Chandler testified that he and May drank a half gallon of "brew" on August 26, 1966, that he never thought about leaving the camp, and that he did not remember leaving the camp. There was other testimony, however, which would have warranted the jury in finding that Chandler and May were not under the influence of alcohol or otherwise physically or mentally incapacitated, when they were found by Officer Chlarson.1

Appellants argue that the trial court erred in allowing the Government to elicit testimony regarding the possible theft of the dump truck in which they were riding at the time of their arrest.

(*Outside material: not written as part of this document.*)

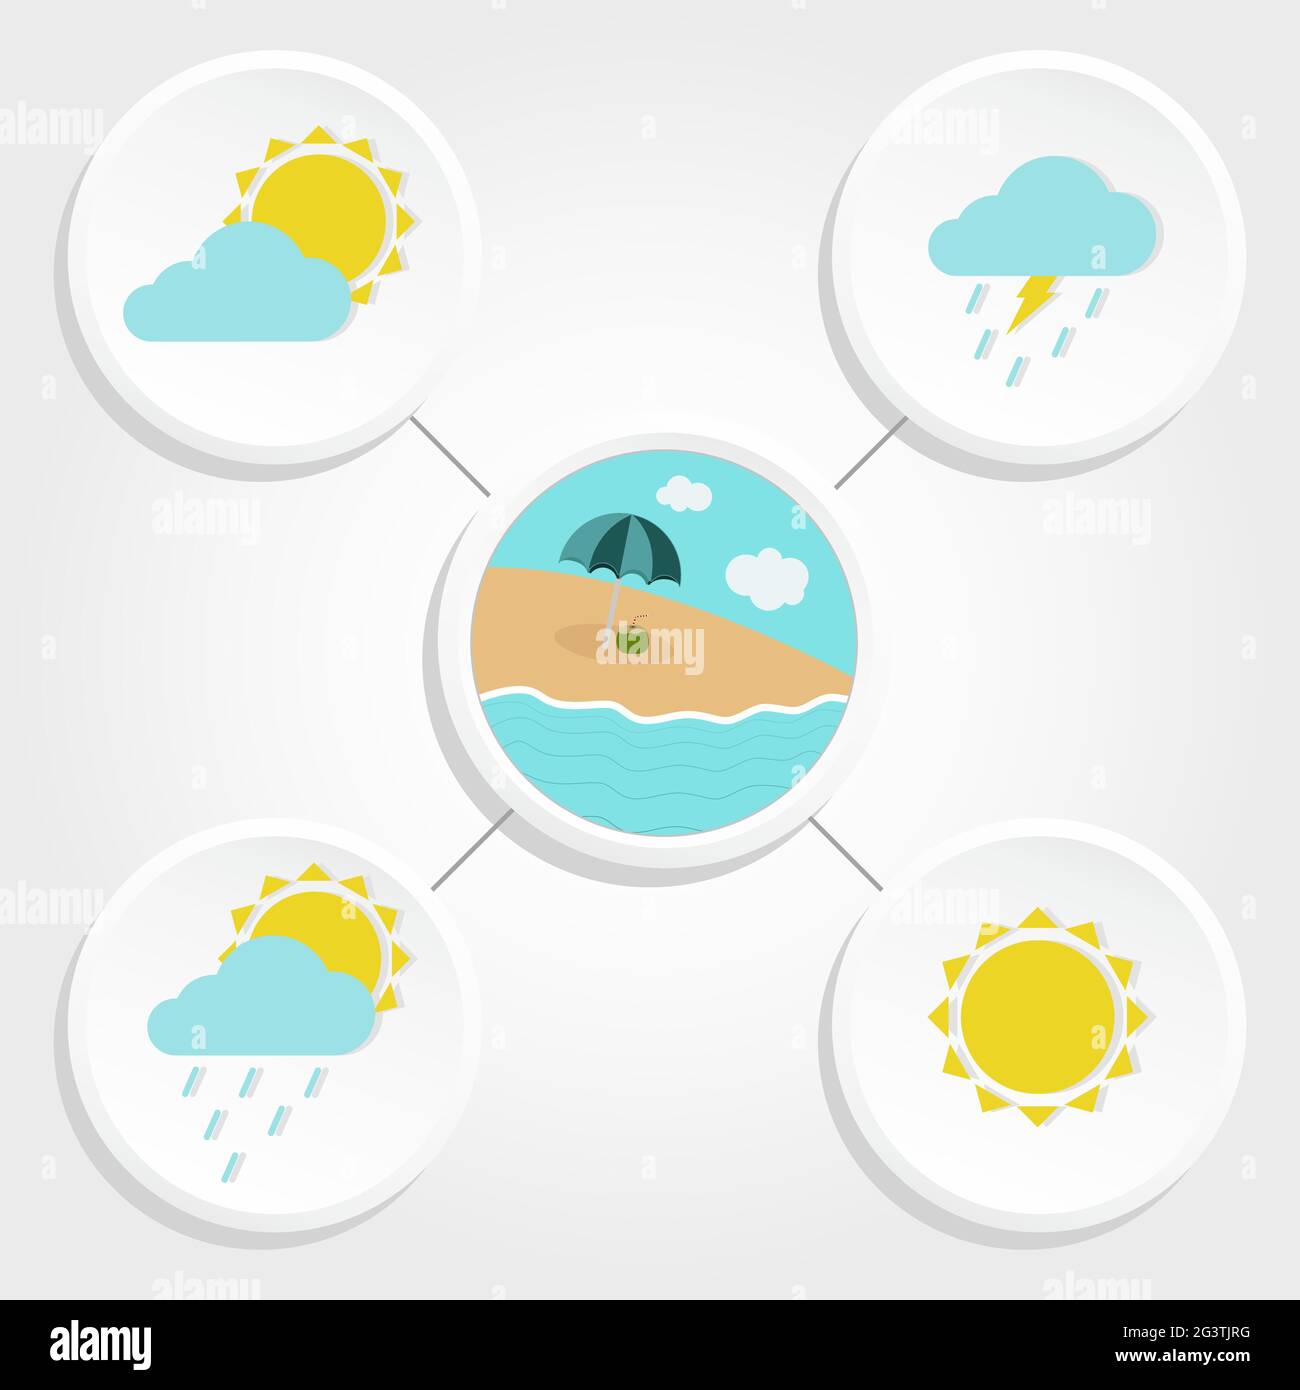 Detalle 10+ imagen tipos de clima dibujos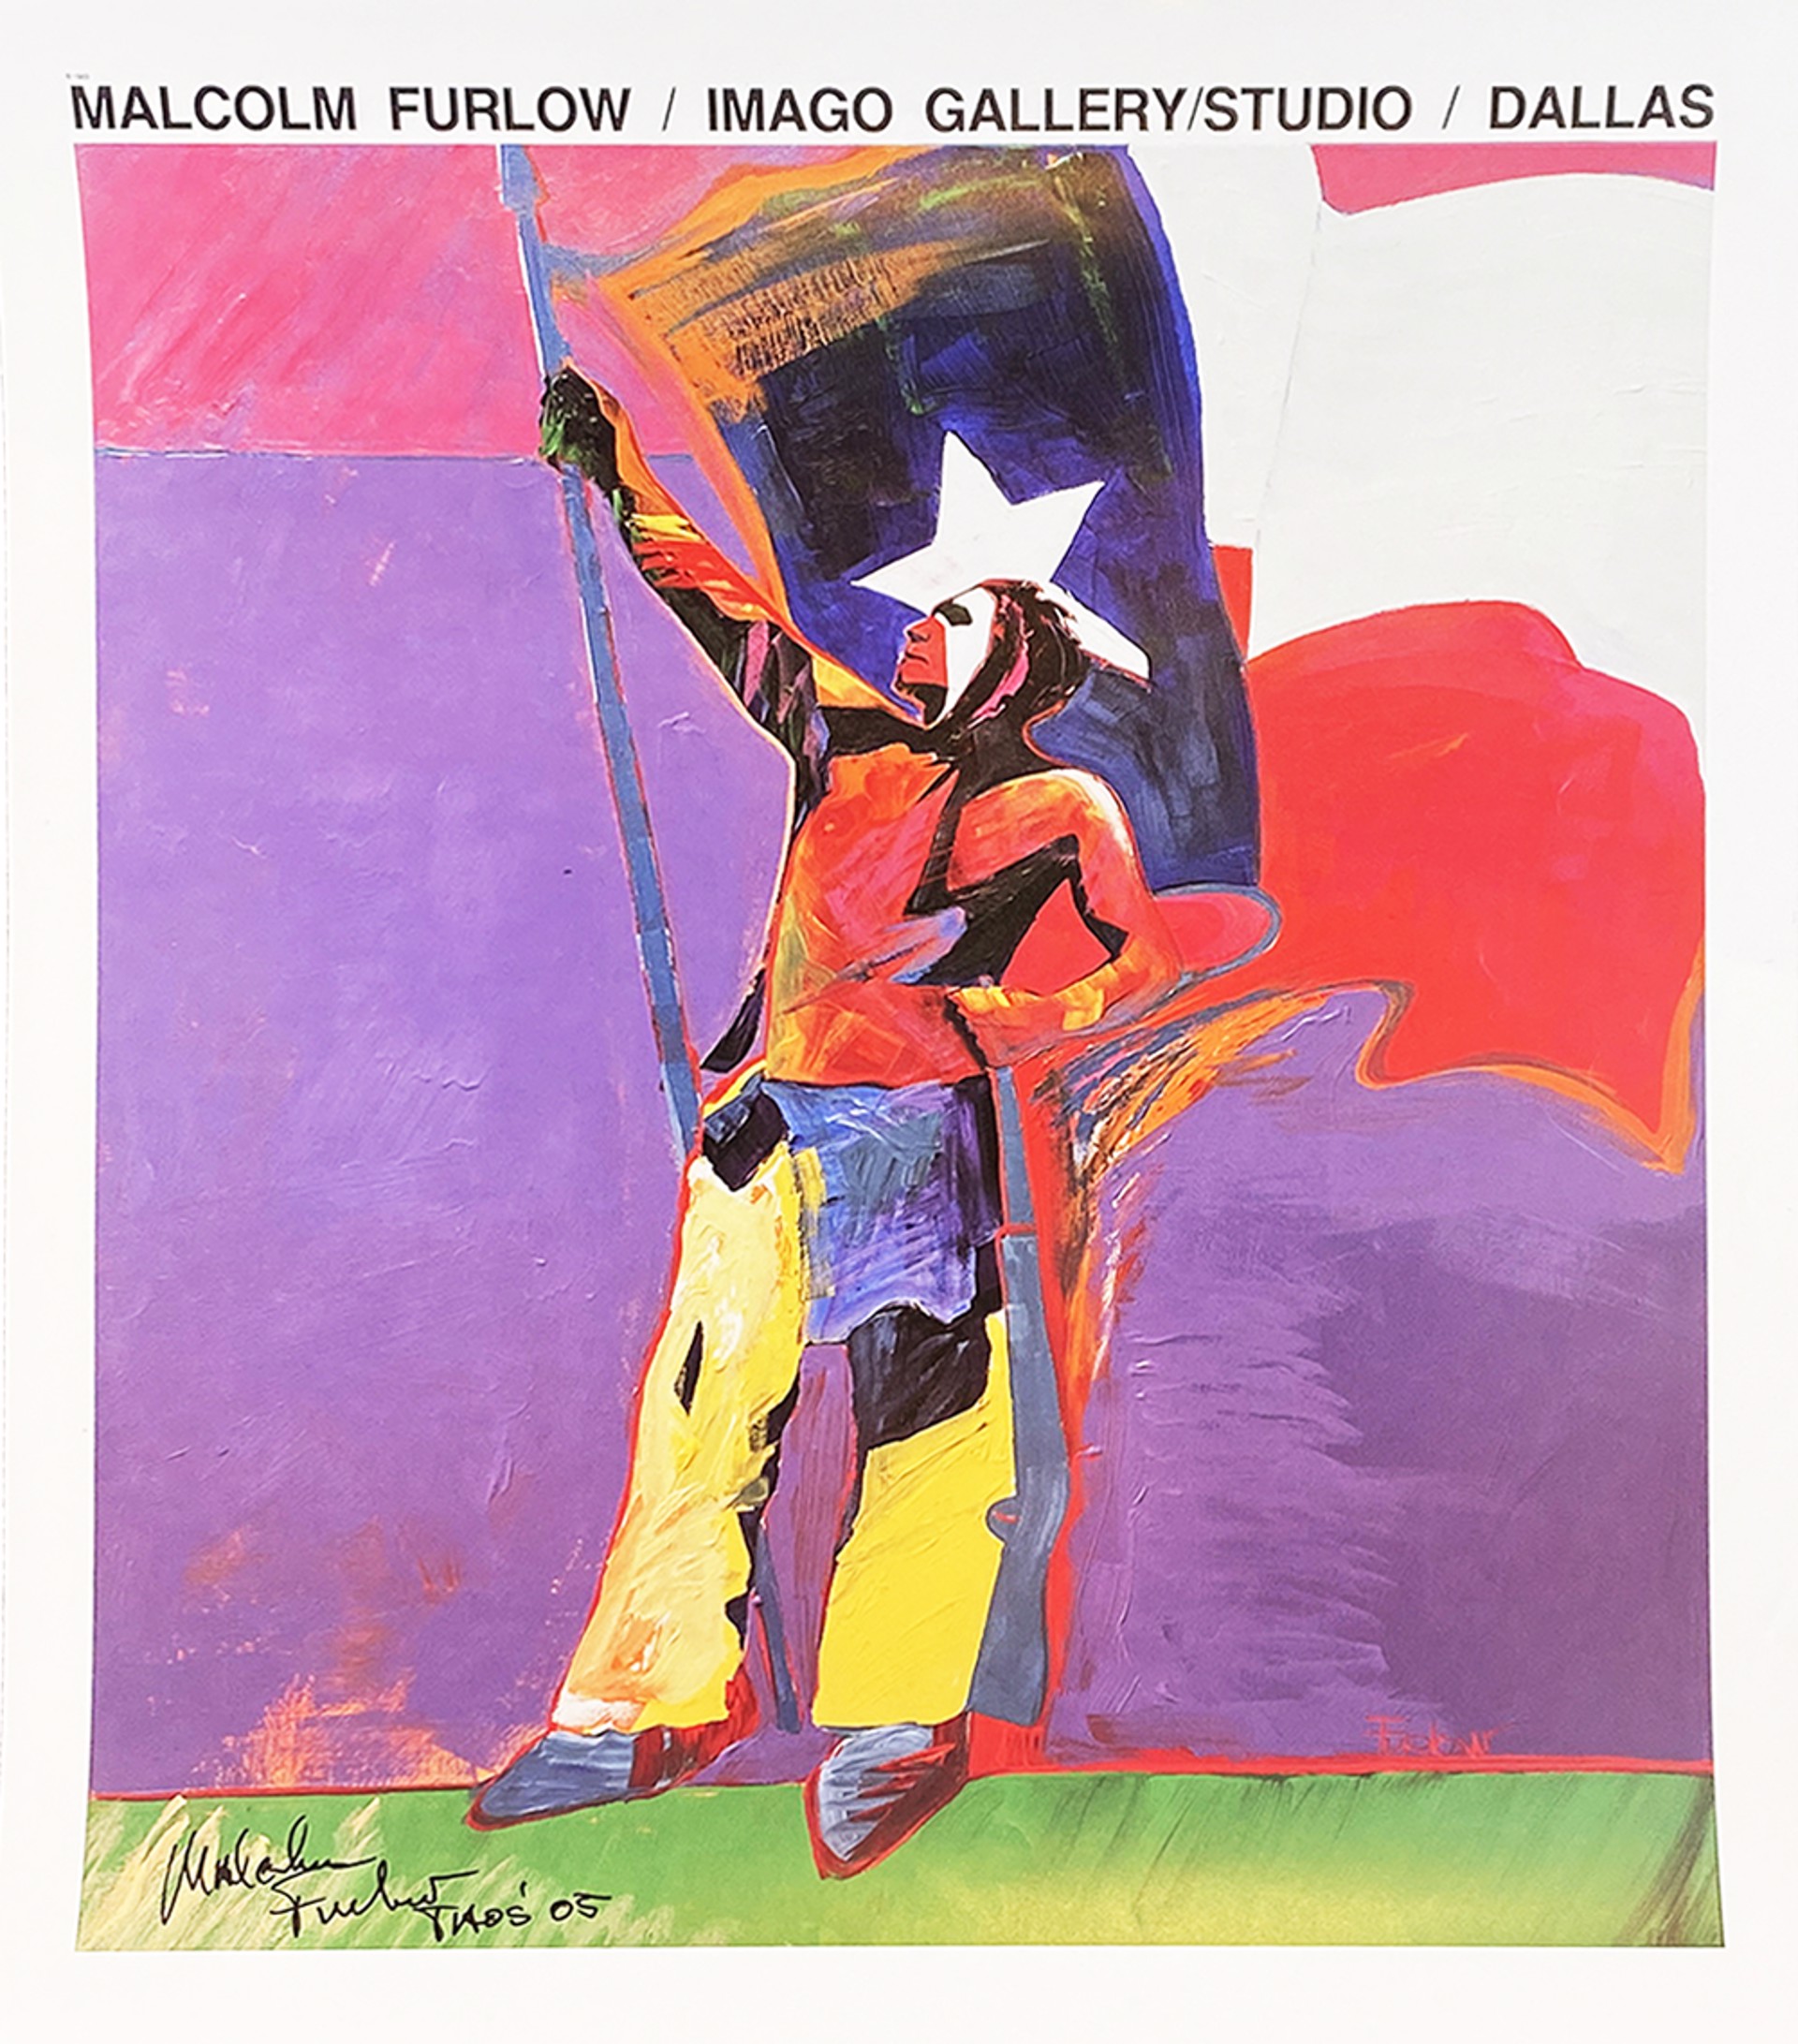 Imago Gallery Dallas Poster by Malcolm Furlow

Morris testified, over objection, that it was between 11:30 p.m. and midnight, on August 27, 1966, when he became aware that the dump truck was missing from the place where he conducted a sand, gravel and concrete business. This would be about twenty-two to twenty-four hours after Chandler and May were discovered missing from the prison camp. Defendants argue that, in view of this time lapse, this evidence tending to show that Chandler and May stole the vehicle had no probative value on the question of their intent to escape, since that intent must be determined as of the moment defendants left the prison compound. They also contend that the evidence was highly prejudicial because it indicated the likelihood that defendants had committed the independent crime of grand theft.

The Government was not required to prove that at the moment defendants left the prison camp they intended to escape. If defendants left the camp inadvertently while wandering in an intoxicated condition, they may not have had the intent to escape at the moment they left the confines of the prison camp. However, if they thereafter decided to seize the opportunity to take off for more hospitable climes, they would be guilty of escape or attempted escape, notwithstanding the tardy formulation of the idea.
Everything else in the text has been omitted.